His startup is trying to tackle the issue of accessibility to dentalcare. A quarter of respondents to a Federal Reserve report on the economic well-being of US households in 2014, a few years before Yash had his idea, said that in the prior 12 months they hadn't been to the dentist because of financial reasons.
Imagine a world where you could grab a quick dental checkup while getting ready for work in the morning, where you controlled time, not the other way round, and didn't have to spend a fortune to look after your smile. Smiletronix is an app combined with a device that users pop in their mouth for 10 seconds. It images their teeth and sends the data back to the app.
They then receive a health report and a score. The idea was to design an early warning system that identifies nascent dental issues and informs users that they should go to a dentist. Catching issues earlier on in the pipeline saves them money and means less painful and prolonged treatment later.
Yash has worked on the business full-time since graduating in 2018, and in October 2019 the business successfully completed the MetLife Digital Accelerator, powered by Techstars, in the US. The 13-week accelerator provides mentorship to startups to get their ventures off the ground.
The road to IESE Business School
Yash studied molecular biology at undergraduate level but realized quickly he didn’t want to spend his working life in a lab. That’s when he decided to focus on the business side, and studied a master’s in management of science, technology, and innovation, at the University of Manchester.
He then worked for a consumer electronics firm before trying his hand at entrepreneurship—the venture ultimately failed but it was a step in the right direction, towards startup success in the future.
Yash spent the next five years working for his uncle’s business, a telecommunications consultancy. He was only meant to work there temporarily in a role balancing customer relations and business development. He ended up leading the business development team as well as internal operations.
The time came when he wanted to move on though and begin to build a new career. A lot of the jobs he was looking at required additional qualifications, a CFA or an MBA for example, and that’s when he decided on the latter and began to research the market.
Yash had his eyes set on the US, but after visiting the IESE Business School campus and sitting in on a class his mind was made up.

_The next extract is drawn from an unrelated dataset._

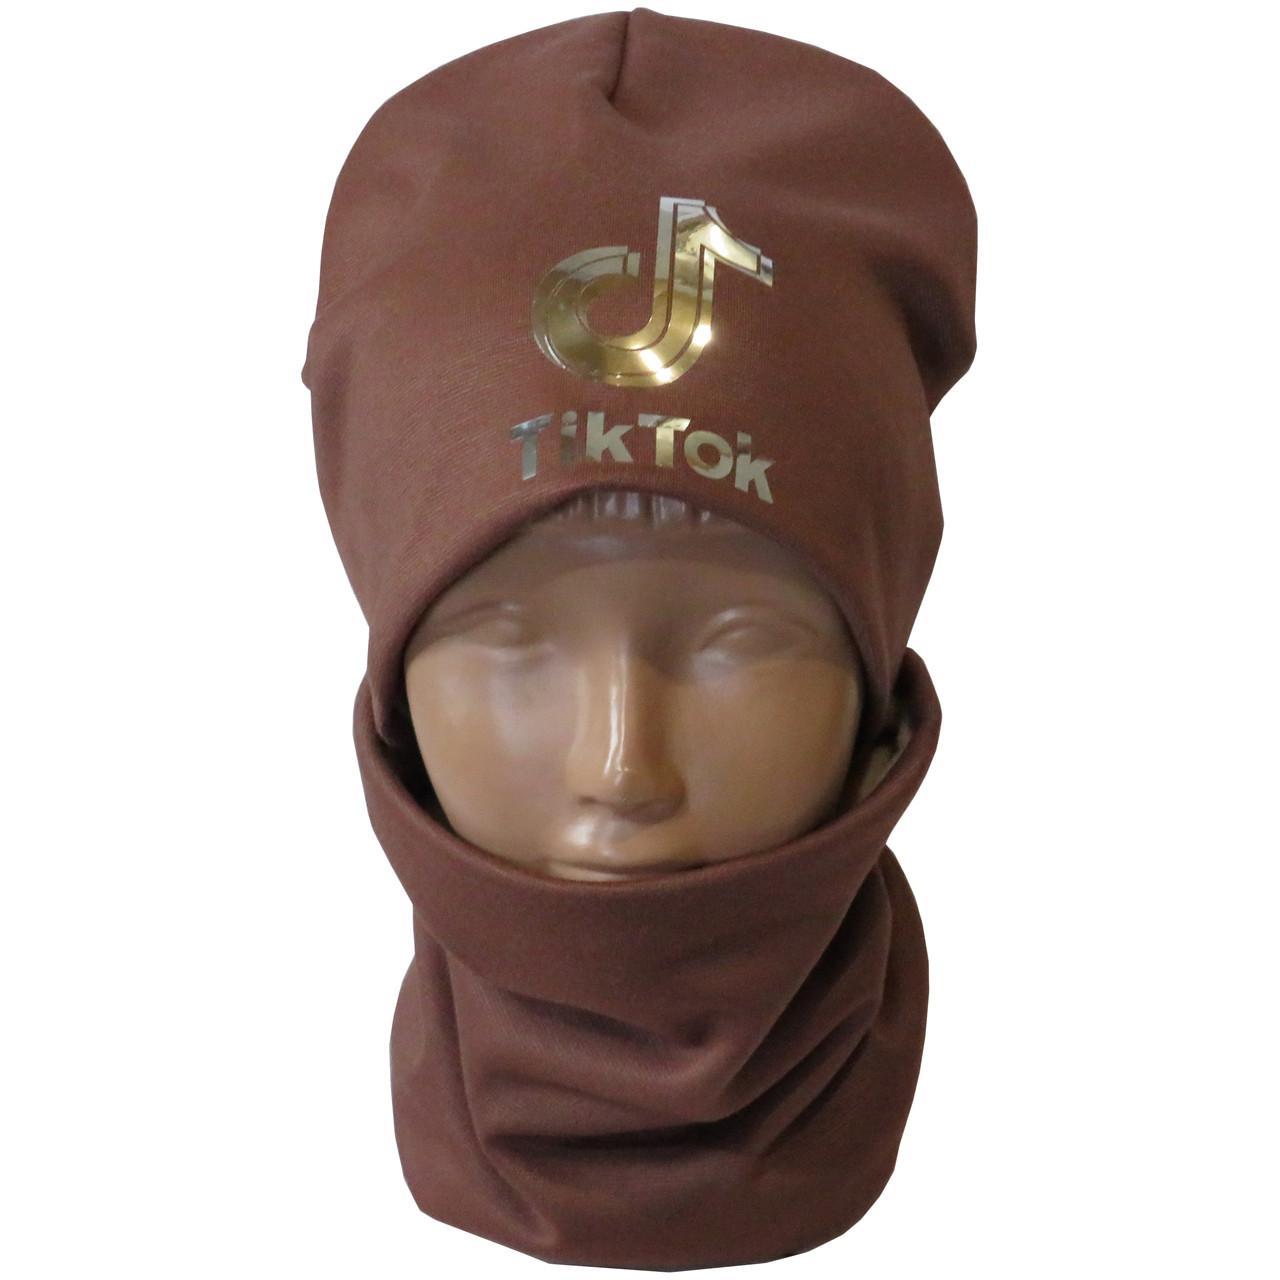 Детский трикотажный демисезонный комплект шапка + хомут (баф) на флисе, TikTok коричневый с зеркальным значком
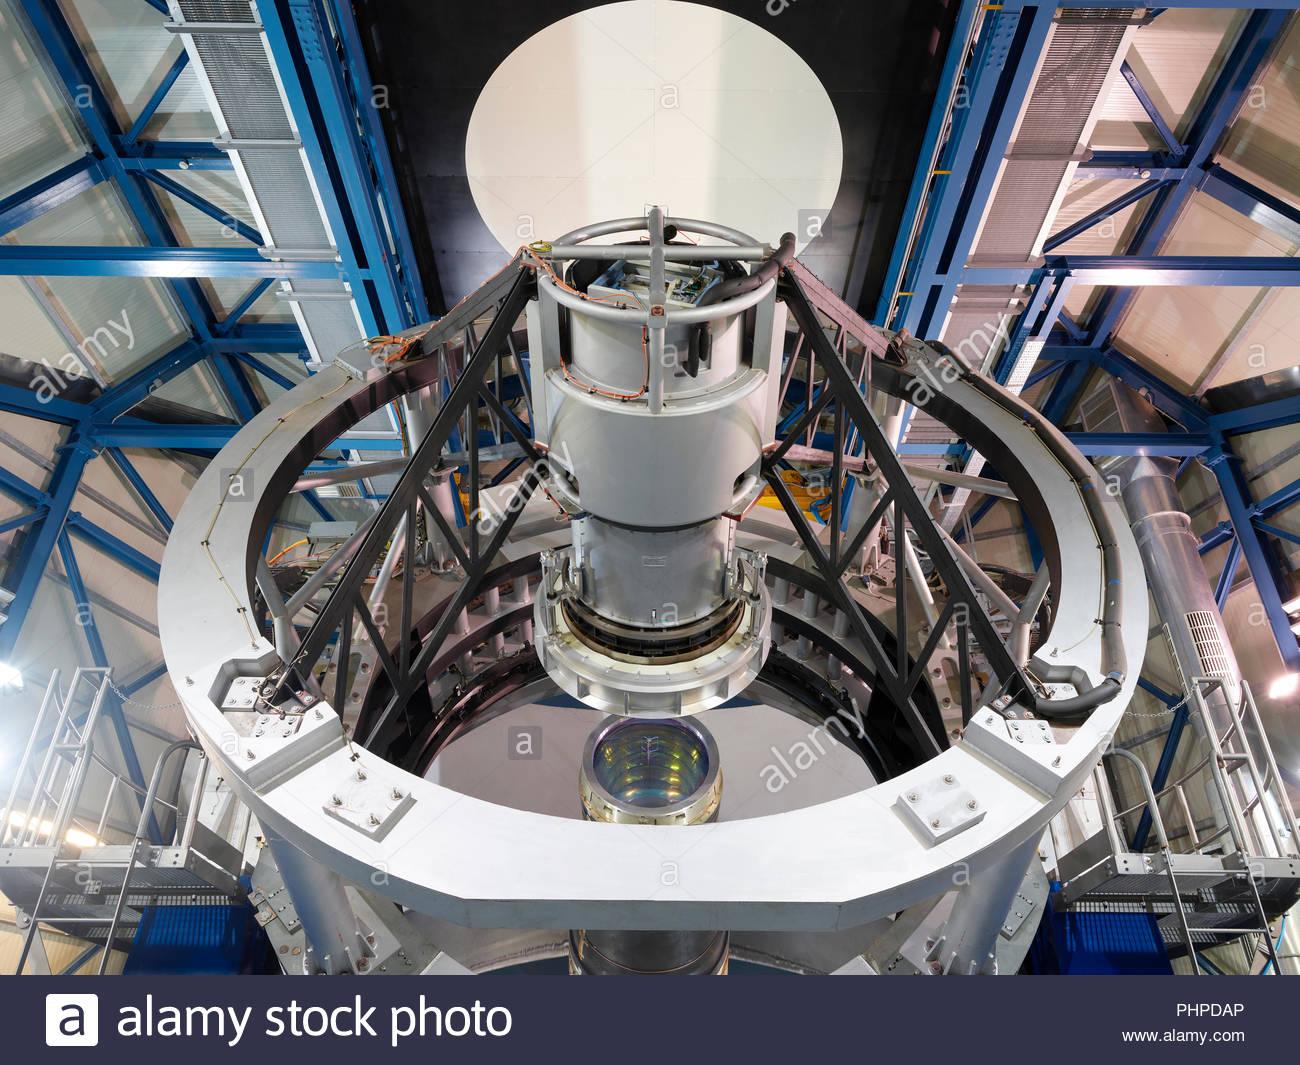 Low Angle View eines Teleskops objektiv auf Paranal Observatorium Stockbild

“I really enjoyed the case study methodology,” he explains. “I loved the campus and the people I met, so IESE jumped up in my favorability. The US didn’t seem as big an attraction anymore, especially with the balance between European costs and US costs.
Becoming an entrepreneur
It was never the plan to launch something immediately after the MBA, Yash explains. He was involved with the entrepreneurship club and impact investing at IESE, but the idea was to graduate, work for three-to-five years and then try another startup.
But in the first year of the IESE MBA, he had the idea for Smiletronix. He hadn’t been to the dentist in around 10 months, despite the MBA tuition fee at IESE including free healthcare, including dental.
“It wasn’t a question of cost for me, it was a question of time,” he says. “I asked, ‘can my phone tell me if my oral health is okay?’, and that was the spark of the idea.”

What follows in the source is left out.